A model-based approach
The approach is based on normal user interface design documents. In the first stage the analysis is split into a series of separate analyses based on well-known interaction design principles that form part of the widely-used method for evaluating interfaces: heuristic evaluation. This makes sure that common classes of critical interaction design problems are considered.

In the second stage, for each separate area analysed, a set of guide phrases like 'forgotten' and 'wrong order' are combined with the key concepts and steps of a model describing the general steps a person goes through when undertaking tasks. Doing so indicates things that can go wrong. For example, we might combine the guide phrase, 'forgets', with the concept of 'forming a goal' which for the specific example might be to 'set the volume of drug to be delivered to the patient'. This would generate a potential hazard that 'the nurse forgets to set the volume of drug to be delivered to the patient.

In the final stage, hypotheses are generated about how features of a design could hamper a person successfully carrying out the step based on the design principle under consideration. For example, one design principle is that information is visible when needed. This could lead to a cause of the above hazard that 'the fields for inputting the volume are hidden by a notification window at the point it needs to be set'.
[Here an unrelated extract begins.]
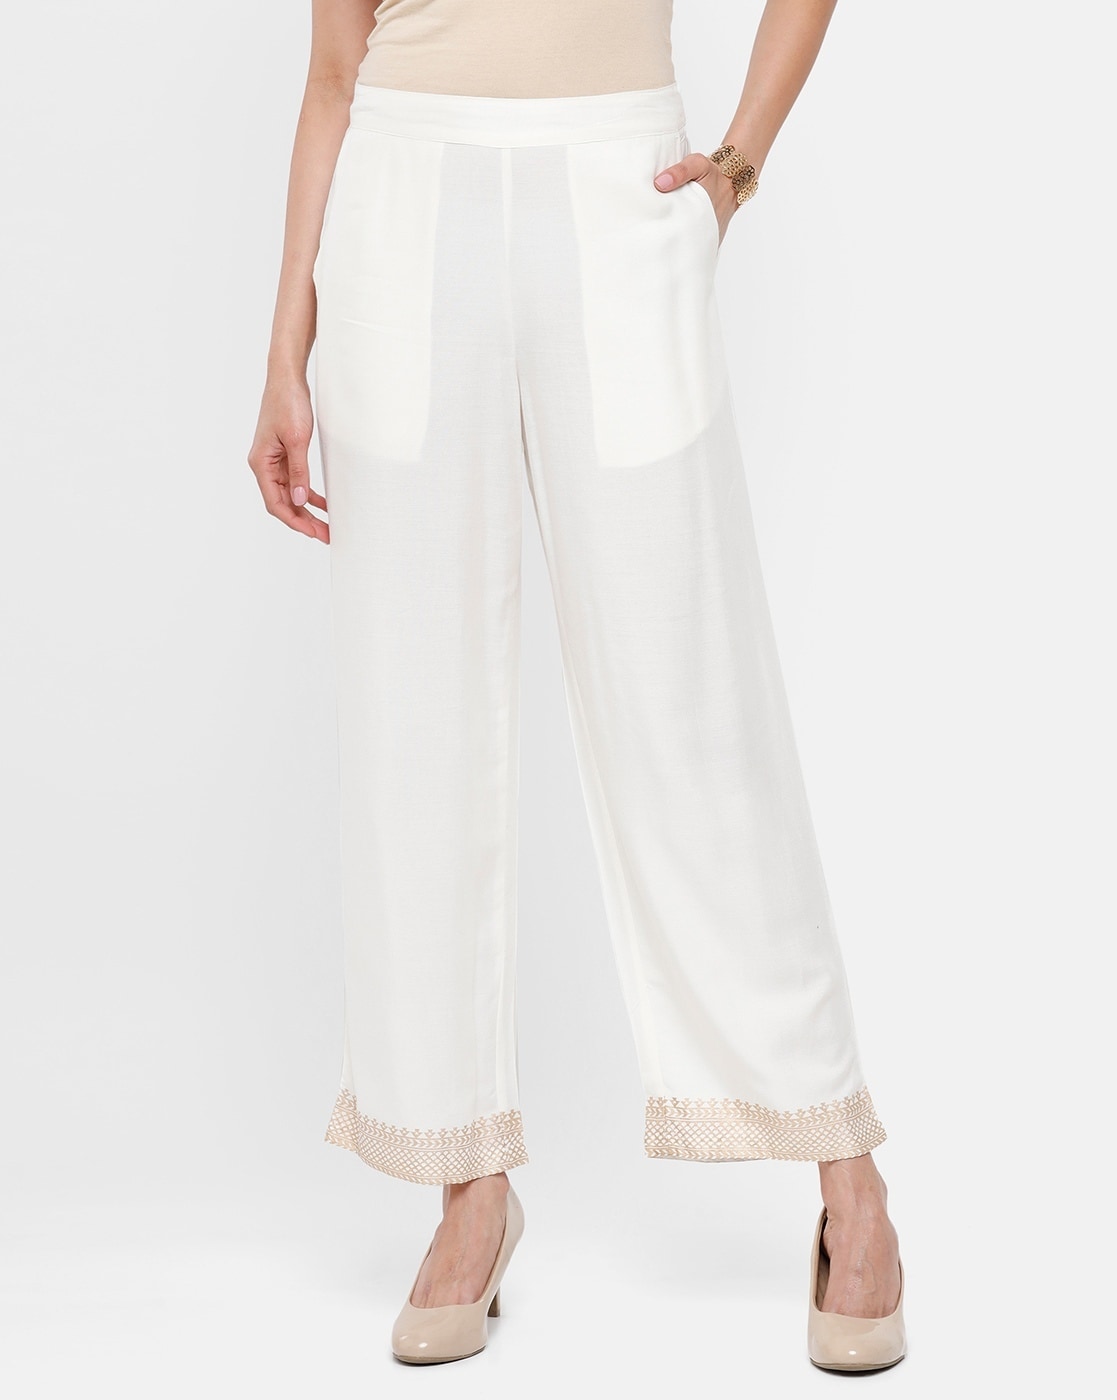 Buy White Trousers & Pants for Women by LYRA Online | Ajio.com

The result is a set of potential use errors and problematic interactions, with linked software design flaws that might cause the problems, are identified. This can form the basis for standard hazard analysis techniques extending the depth of those analyses.

Identifying more hazards
Our early experiments suggest that this hazard analysis technique can substantially improve the identification of use-related hazards at the early stages of software design as compared to standard hazard analysis techniques. We previously carried out a preliminary hazard analysis focusing on the number entry software of infusion pumps. A large number of root causes of use-related hazards in software design was identified. We repeated this preliminary hazard analysis using our new model-based technique. We found that it allowed us to articulate and explore subtle causes of use hazards in a systematic way. It also led to our identifying further hazards and related causes that were missed in the original analysis. Our experiments suggest that three times as many use-related hazards can be identified when using the model-based approach, as compared to the standard hazard analysis technique.